Of the six study centers, three had 1.5 T Genera Electronics MRI scanners (Optima MR450w, Signa HDxt, and Signa Explorer; GE Healthcare, Milwaukee, WI, USA) and the other three had 1.5 T Siemens scanners (Aera, Avanto, and Symphony, Siemens Healthineers, Erlangen, Germany). The data of the six centers were divided into two parts based on the MR scanner; dataset A included DWIs obtained using a Siemens scanner, and dataset B included DWIs obtained with a GE scanner. Detailed information regarding the DWI protocols at each center is provided in Supplementary Table S1.

Ground-truth segmentations

Six neuroradiologists (E.K., O.K., H.H.S., B.K., S.N.D., M.V.) with over ten years of neuroradiology experience from each center examined the recruited images. The neuroradiologists were free to assess all the available clinical and radiological data during the evaluation. Briefly, the neuroradiologist evaluated the images for acute ischemia; acute ischemic lesions were defined as those with a hyperintense signal on high b-value diffusion-weighted (DW) images and corresponding hypointensities on apparent diffusion coefficient (ADC) maps²². If a neuroradiologist decided that a scan had undiagnostic image quality (i.e., severe motion or metallic artifacts) or had no visible acute ischemic lesion, then the patient was excluded from the study.

Subsequently, DW images with the highest b-values and corresponding ADC maps of the patients were anonymized. The formula of the ADC calculation map was as follows: ADC = − ln (S/S0)/b, where S refers to the signal intensity of the higher b-value image, S0 is the signal intensity of image with no diffusion gradients (i.e., b0) and b is the b value. A unique identification number was assigned to each patient for further analyses. Anonymized ADC maps and DWIs were imported into a known open-source software for segmentation (ImageJ, https://imagej.nih.gov).

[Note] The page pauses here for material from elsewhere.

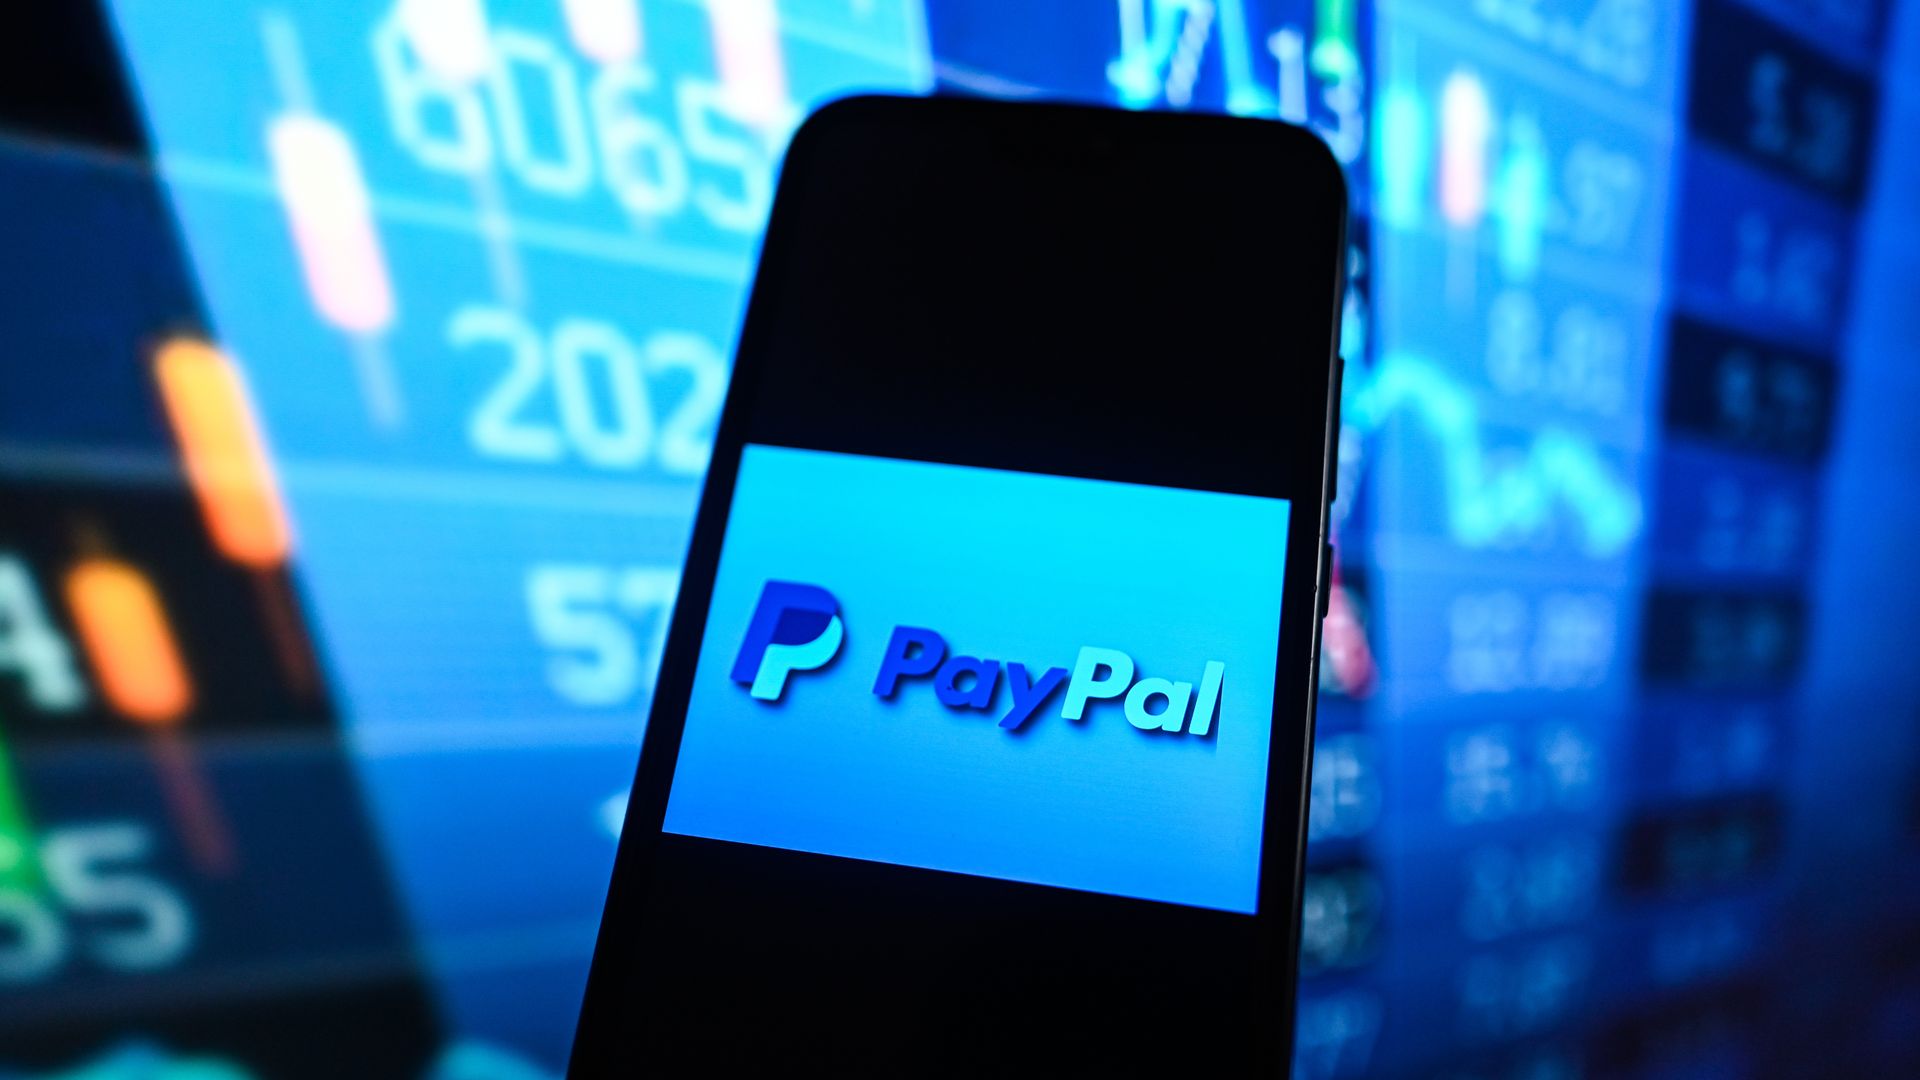 Image of a PayPal logo on a phone screen.

The neuroradiologists performed segmentations on the DW images using a free-hand region of interest. The segmentation quality of the test sets of datasets A and B was mandatory to achieve reliable performance comparisons. The neuroradiologists re-drew the segmentations on the same images of the test sets in two different sessions after an interval of 1 month. To this end, each patient in the test sample had three different segmentation masks provided by the same neuroradiologists. An intra-reader majority voting was used to create ground-truth masks of the test sets. The pixels accounted as positive for an ischemic lesion in two or more masks were accepted as positive, and those accounted as negative for an ischemic lesion in two or more masks were accepted as negative.

DL models

We employed a well-known CNN architecture for biomedical image segmentation, U-net, or U-shaped networks, but made several modifications²³. The original U-net model has two main components: the encoder, which serves to identify the most representative features of the images, and the decoder, in which the up-sampling process is performed to regain spatial resolution while preserving the high-representative power of the feature maps for precise segmentation. The concatenations between the encoder and decoder facilitate the network’s ability to preserve the spatial information of the pixels. U-net can work on both 2D and three-dimensional (3D) data^23,24.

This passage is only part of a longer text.